In FIG. 7, reference numeral 31 denotes an index table. The index table 31 is rotatable by a cam indexing device (not shown) (in this embodiment, it is divided into 8 parts) and is attached to the column 2 via a mount 18. It is installed. The index table 31 has a pair of rough grinding wheels 32 and 3 for the A side and B side respectively.
5, middle polishing stones 33, 36 and finishing polishing stones 34,
37 is attached in a detachable and replaceable manner, and further, a simple sphere meter 38 and a wall thickness measuring device 39 are attached.

Then, the index table 31 is turned, the necessary grindstone is moved to the transfer position 40, and the grindstone attaching / detaching chuck 16 replaces the grindstone for machining.
When performing the wall thickness or spherical surface measurement operation, similarly, the index table 31 is swiveled to move the wall thickness measuring device 39 or the simple spherical surface meter 38 to the delivery position 40 for measurement, and an arithmetic processing unit (not shown) is used. In the same manner as in Example 1, reworking is performed with the grindstone.
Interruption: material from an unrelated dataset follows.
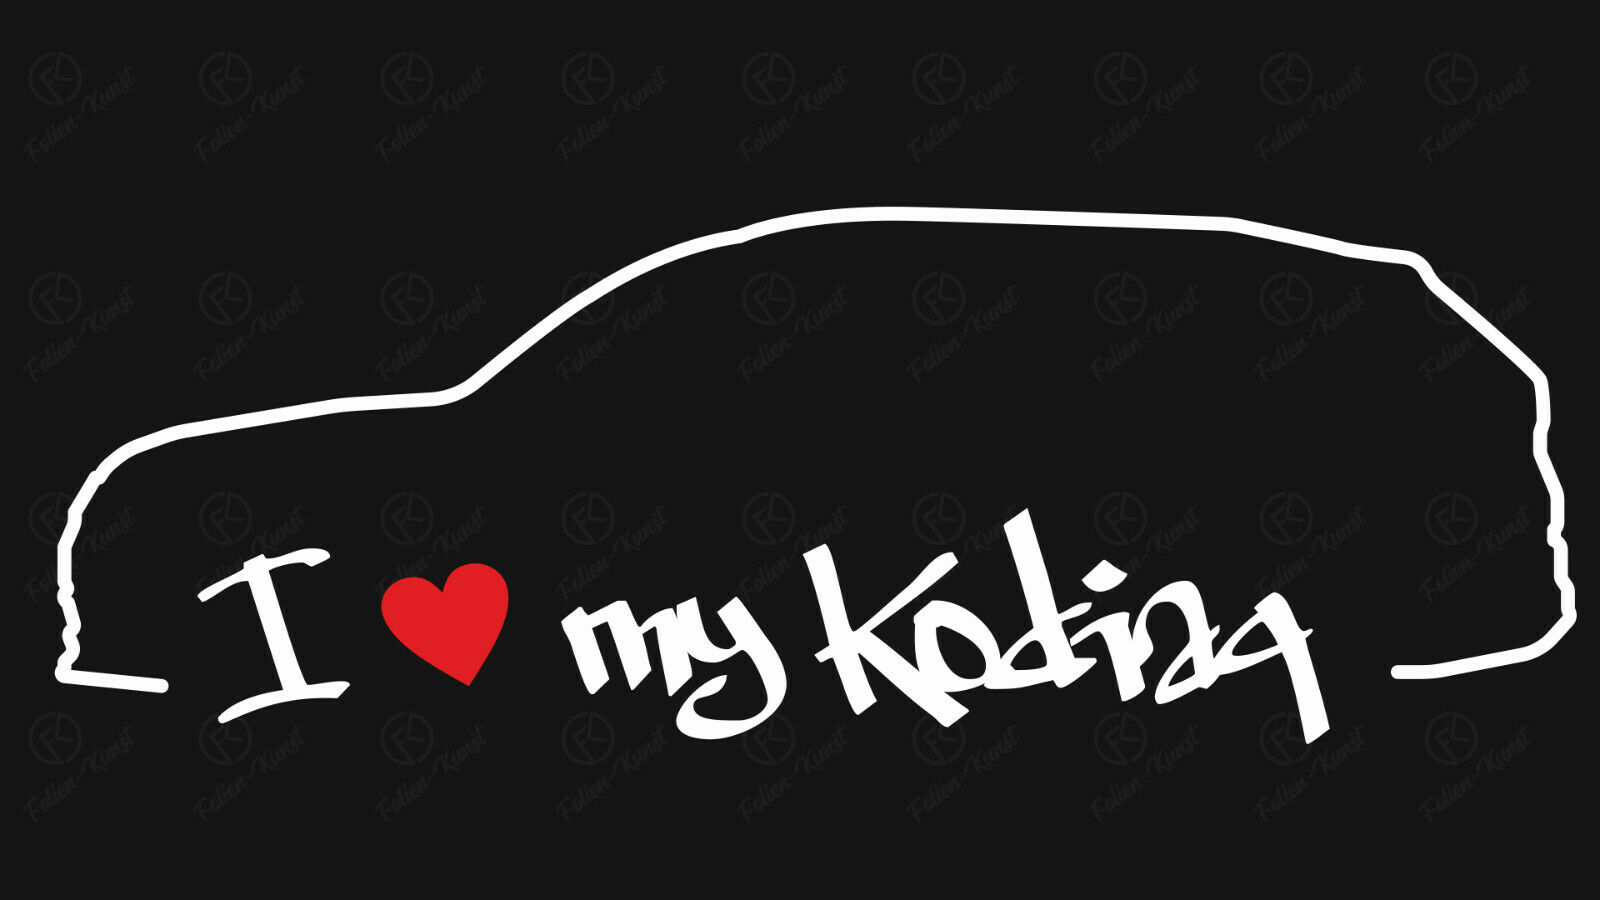 Impuls Aufkleber mit Skoda Kodiaq Silhouette Autosticker Stripes Styling Tuning
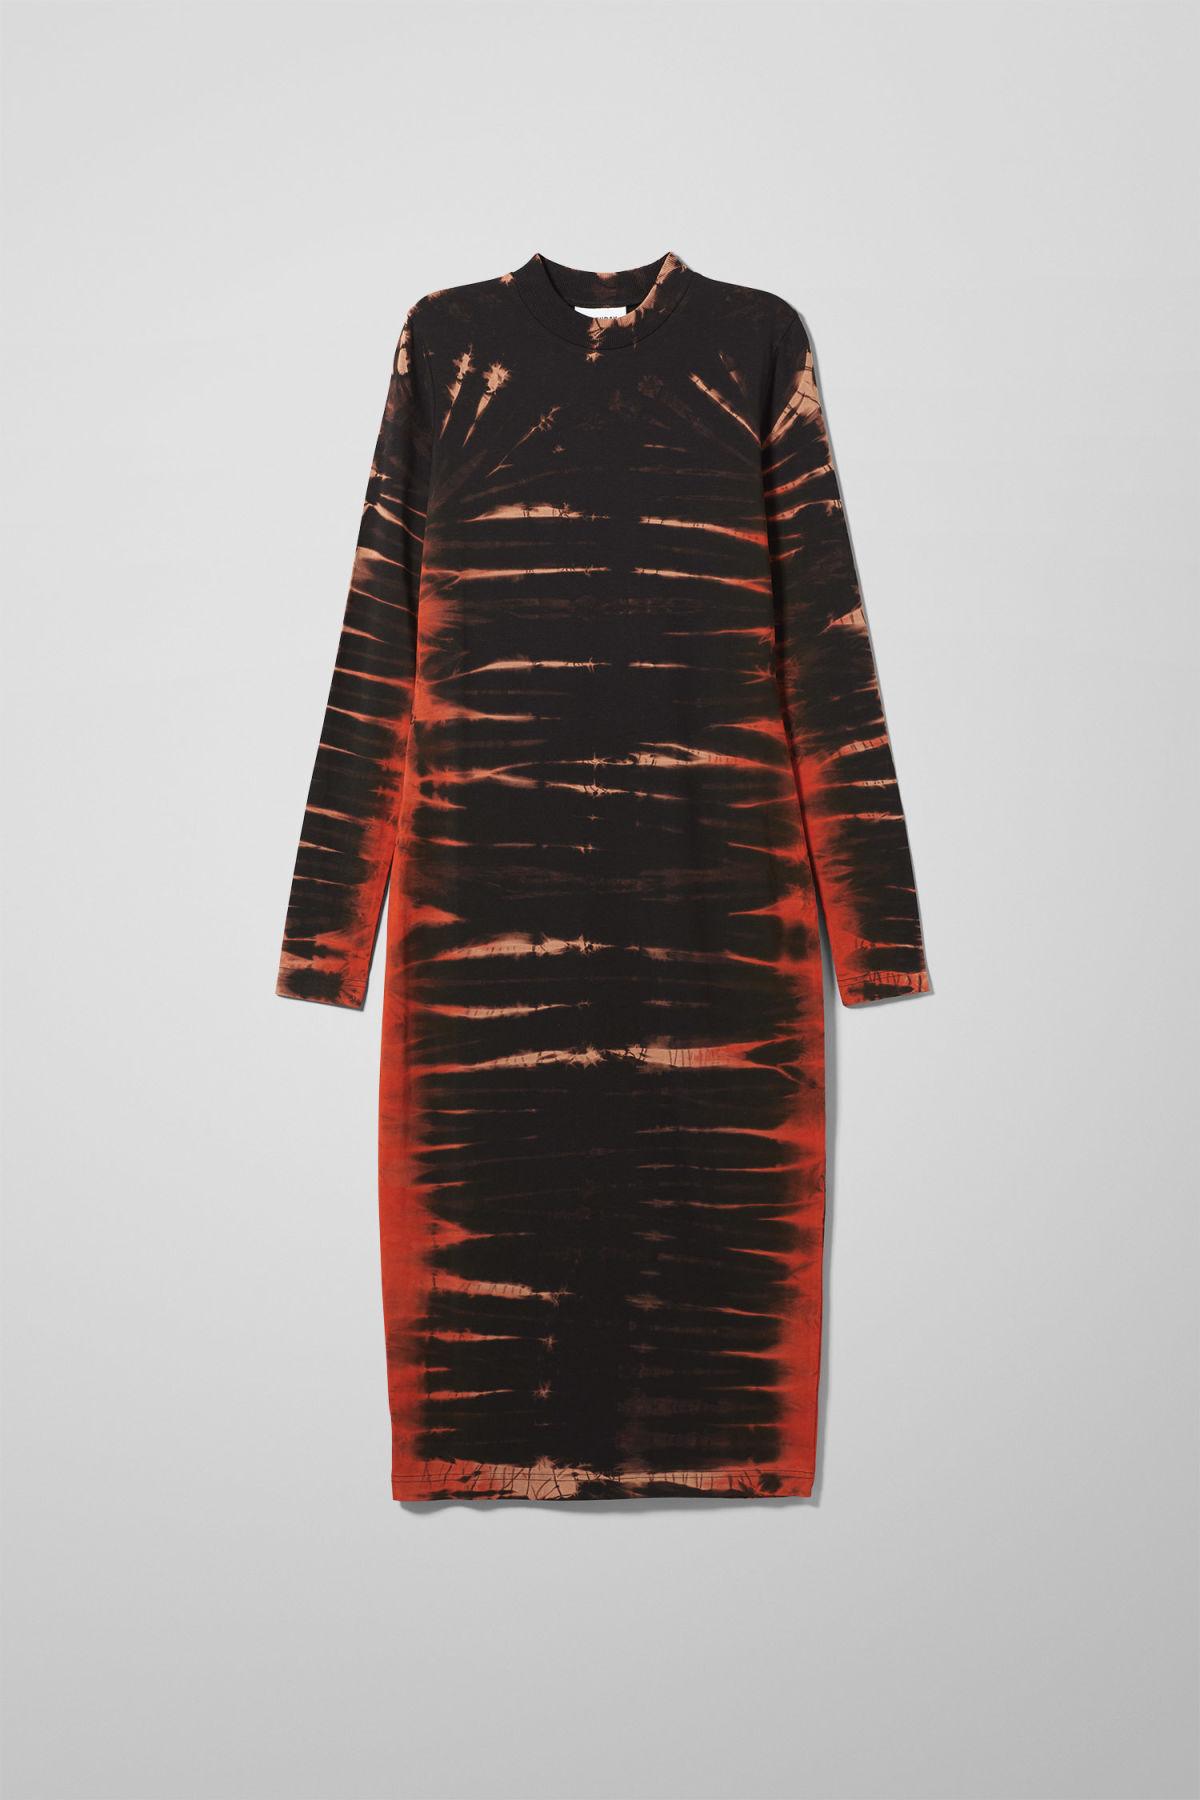 Image of Meja Dress - Beige-M

In this embodiment, lenses of different types can be automatically machined continuously, and efficient lens production is possible. Note that the remaining points are the same as those in the first embodiment, so description thereof will be omitted.

[0023]

According to the lens polishing apparatus of the present invention, rough polishing, intermediate polishing, and finish polishing can be automatically performed without attaching or detaching the lens from the apparatus, so that the number of working steps associated with attachment and detachment can be further reduced. Eliminates the deterioration of the thickness of the radius of curvature associated with the attachment and detachment, and a great amount of setup time, which improves the lens accuracy and enables even an unskilled person to perform short-time processing.

[Brief description of drawings]

FIG. 1 is a side view.

FIG. 2 is a partially enlarged view of a polishing portion of FIG.

FIG. 3 is a partially enlarged view of the mounting base portion of FIG.

FIG. 4 is a front view.

FIG. 5 is a plan view.

FIG. 6 is a partially cutaway perspective view.

FIG. 7 is a partially cutaway plan view showing a second embodiment.

[Explanation of symbols]

 4 Operation Box 5 Vertical 6 Vertical Axis Drive Servo Motor 8 Horizontal Axis 9 Horizontal Axis Servo Motor 10 Lens Holder 11 Work Rotation Motor 12 Oscillation Axis 13 Oscillation Axis Drive Servo Motor 14 Grindstone Rotation Motor 15 Grindstone Axis 16 Grindstone Attachment / Detachment Chuck 17 Attachment / Detachment Upper and lower cylinder 24 Lens material

Claims (1)

[Claims] 1. An apparatus for polishing a lens material to have a predetermined radius of curvature and a predetermined thickness, the grindstone exchange for converting various types of grindstones for rough polishing, medium polishing and finish polishing for polishing a lens material according to instructions of a predetermined program. And a measuring means for measuring and calculating the radius of curvature and thickness of the lens material according to means of a predetermined program, and based on the measurement calculation result of the measuring means, polishing correction of the lens material, replacement of a grindstone, etc. And a lens polishing device having control means for instructing.